Die One-Class Support Vector Maschine (OCSVM) is a specialized variant of the Support Vector Machine (SVM) algorithm, primarily used for Anomalieerkennung and classification tasks where only one class of data is available. Unlike traditional SVMs, which seek to find a hyperplane separating two classes, OCSVM focuses on modeling the characteristics of a single class. This makes it particularly useful in scenarios where the distribution of normal data is well-defined, but anomalous or outlier data is rare or difficult to gather.
OCSVM operates by mapping the input data into a high-dimensional feature space using a kernel function. In this space, it constructs a Entscheidungsgrenze that encompasses the majority of the data points from the target class, effectively creating a boundary around the normal instances. Any new data point that falls outside this established boundary is classified as an anomaly or outlier. This approach is particularly beneficial in applications such as fraud detection, network security, and fault detection, where the normal behavior is known, but deviations from this norm are of interest.

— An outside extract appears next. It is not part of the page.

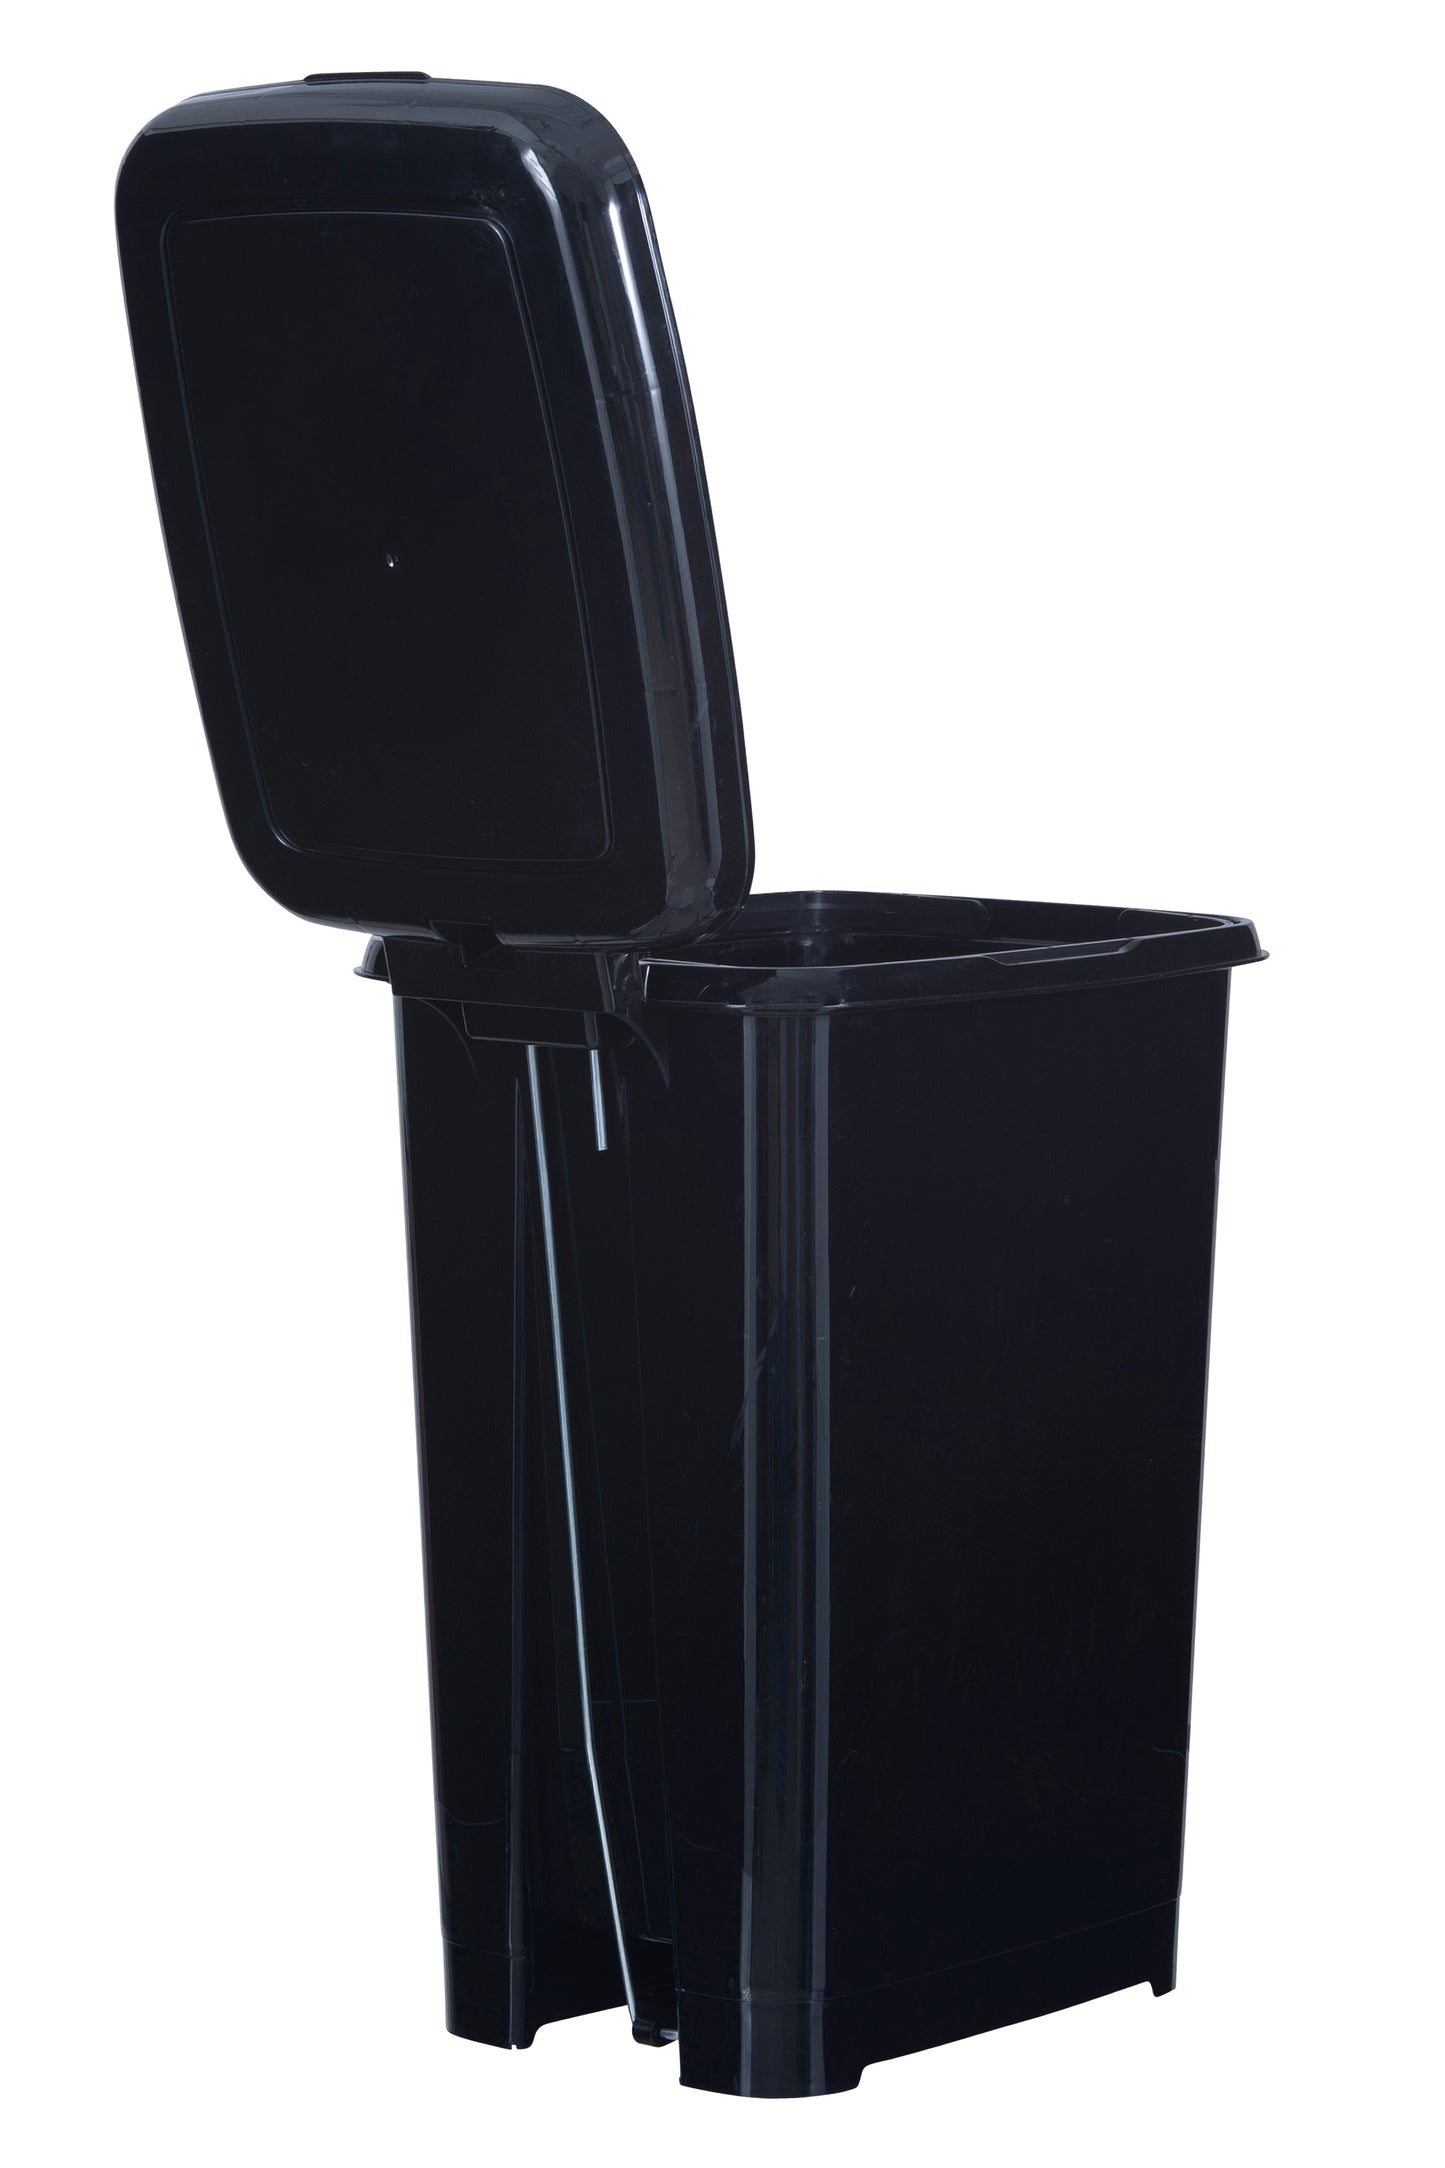 Slim Pedal Trash Can, 64 Qt - Black

One of the key advantages of OCSVM is its ability to handle high-dimensional data effectively, making it suitable for complex datasets commonly encountered in fields such as finance, healthcare, and industrial monitoring. However, the performance of OCSVM can be sensitive to the choice of parameters, including the kernel type and the regularization Parameter, die eine sorgfältige Abstimmung für optimale Ergebnisse erfordern.